NameError: name 'outputs' is not defined

### Experiment with Learning Rate
* Run 5 experiments with various learning rate magnitudes: 1, .1, .01, .001, .0001.
* Use the "best" batch size from the previous experiment
* Visualize the results
* Write up an analysis of the experiments and select the "best" performing model among your experiments. Make sure to compare against the previous experiments and your model's performance yesterday. 

### Experiment with different Optimizers
* Run 5 experiments with various optimizers available in TensorFlow. See list [here](https://www.tensorflow.org/api_docs/python/tf/keras/optimizers)
* Visualize the results
* Write up an analysis of the experiments and select the "best" performing model among your experiments. Make sure to compare against the previous experiments and your model's performance yesterday.
* Repeat the experiment combining Learning Rate and different optimizers. Does the best performing model change? 

### Additional Written Tasks

1. Describe the process of backpropagation in your own words: 
```
Your answer goes here.
```



## Stretch Goals: 

- Implement GridSearch on anyone of the experiments
- On the learning rate experiments, implement [EarlyStopping](https://www.tensorflow.org/api_docs/python/tf/keras/callbacks/EarlyStopping)
- Review material on the math behind gradient descent: 

  - Gradient Descent
    - Gradient Descent, Step-by-Step  by StatQuest w/ Josh Starmer. This will help you understand the gradient descent based optimization that happens underneath the hood of neural networks. It uses a non-neural network example, which I believe is a gentler introduction. You will hear me refer to this technique as "vanilla" gradient descent. 
    - Stochastic Gradient Descent, Clearly Explained!!! by StatQuest w/ Josh Starmer. This builds on the techniques in the previous video.  This technique is the one that is actually implemented inside modern 'nets. 
These are great resources to help you understand tomorrow's material at a deeper level. I highly recommend watching these ahead of tomorrow.

  - Background Math
    - Dot products and duality by 3Blue1Brown.
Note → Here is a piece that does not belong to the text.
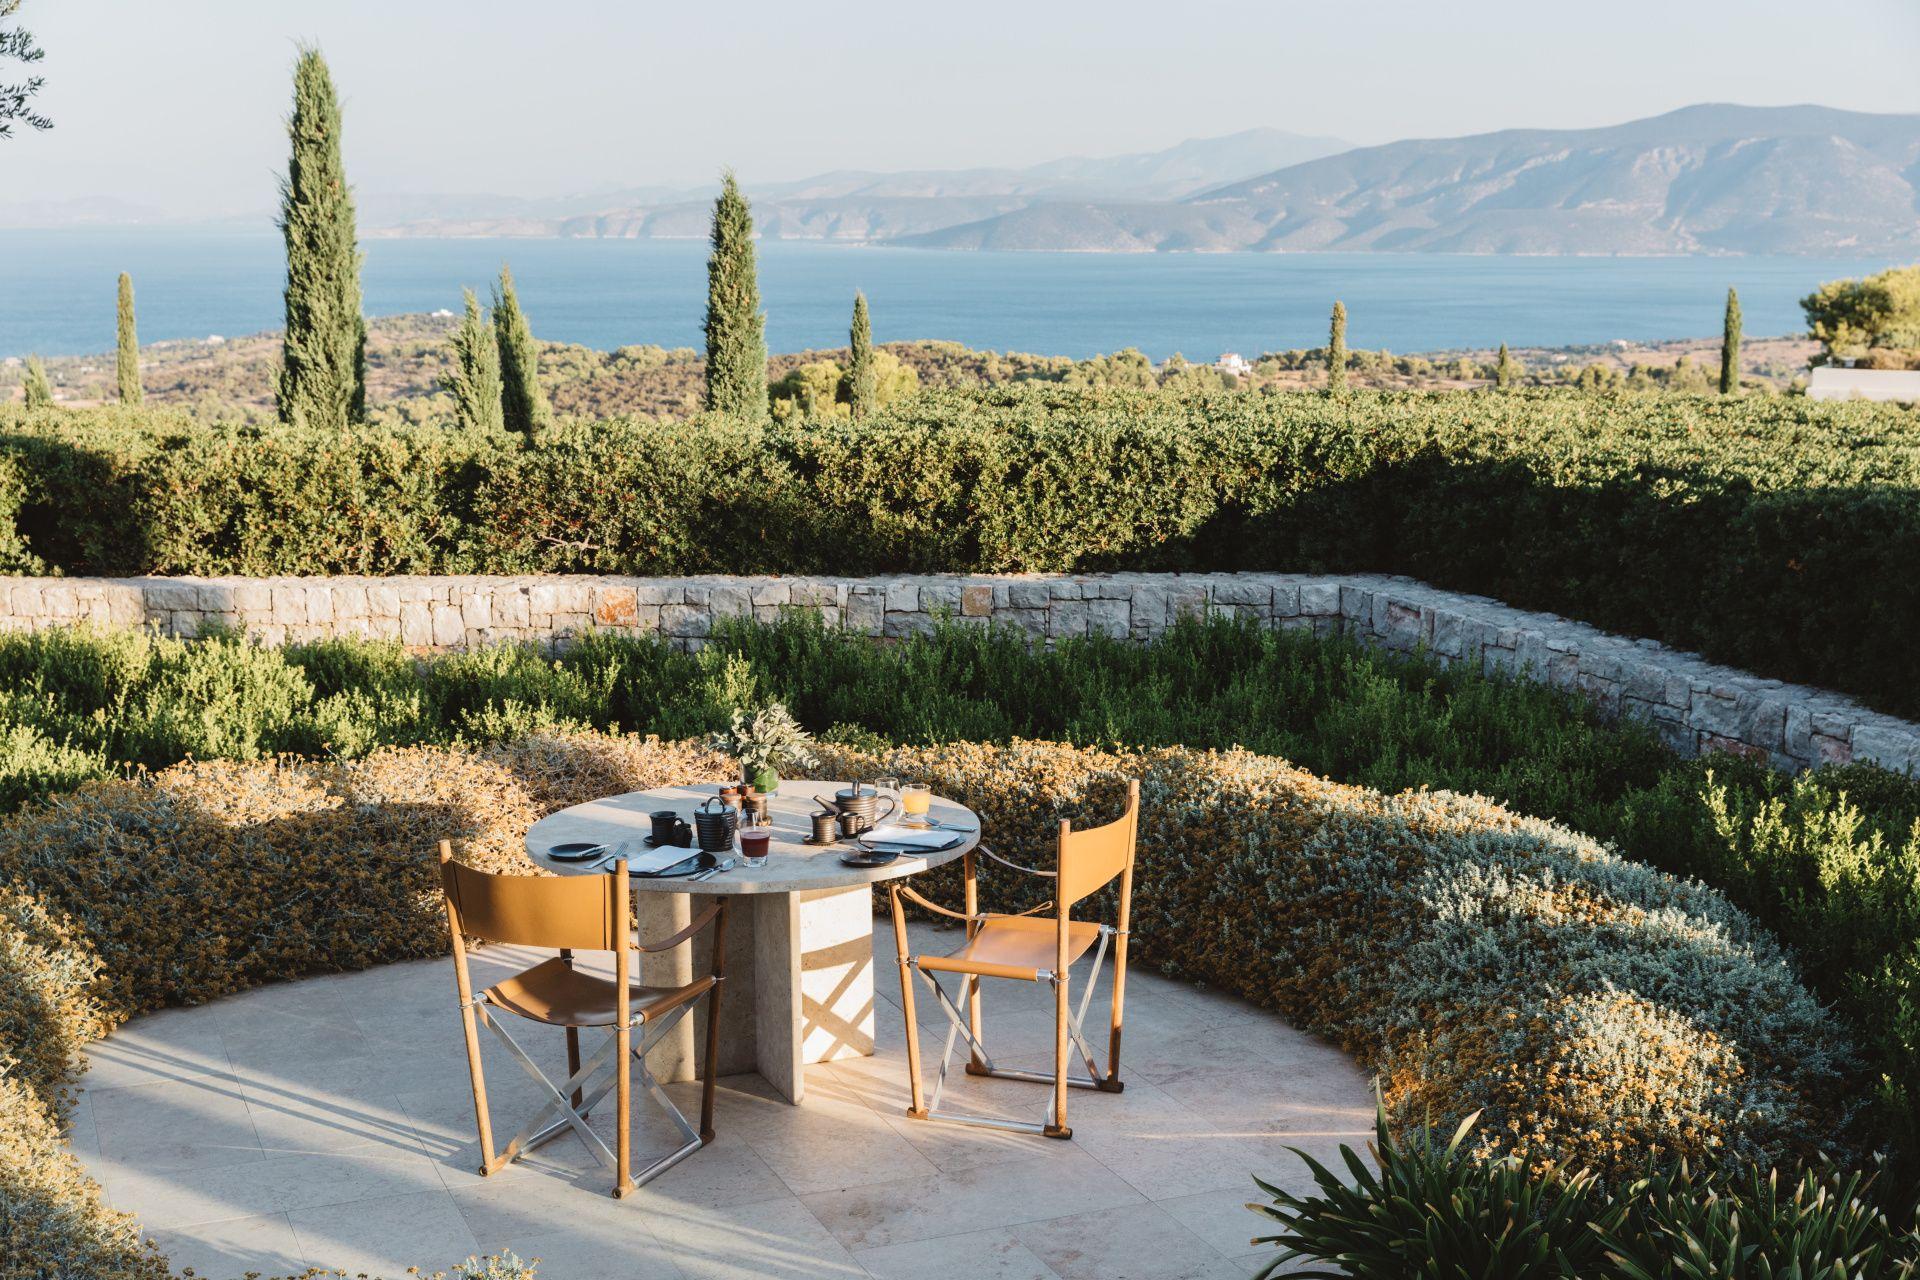 安縵卓熠別墅四周為佔地 93 公頃的芳香園圃,種有柑橘、石榴、角豆樹和橄欖樹。

Explains the core linear algebra operation happening in today's perceptron.
The paradox of the derivative by 3Blue1Brown. Does a great job explaining a derivative. 
    - Visualizing the chain rule and product rule by 3Blue1Brown. Explains the black magic that happens within Stochastic Gradient Descent. 
These math resources are very much optional. They can be very heady, but I encourage you to explore. Your understanding of neural networks will greatly increase if you understand this math background.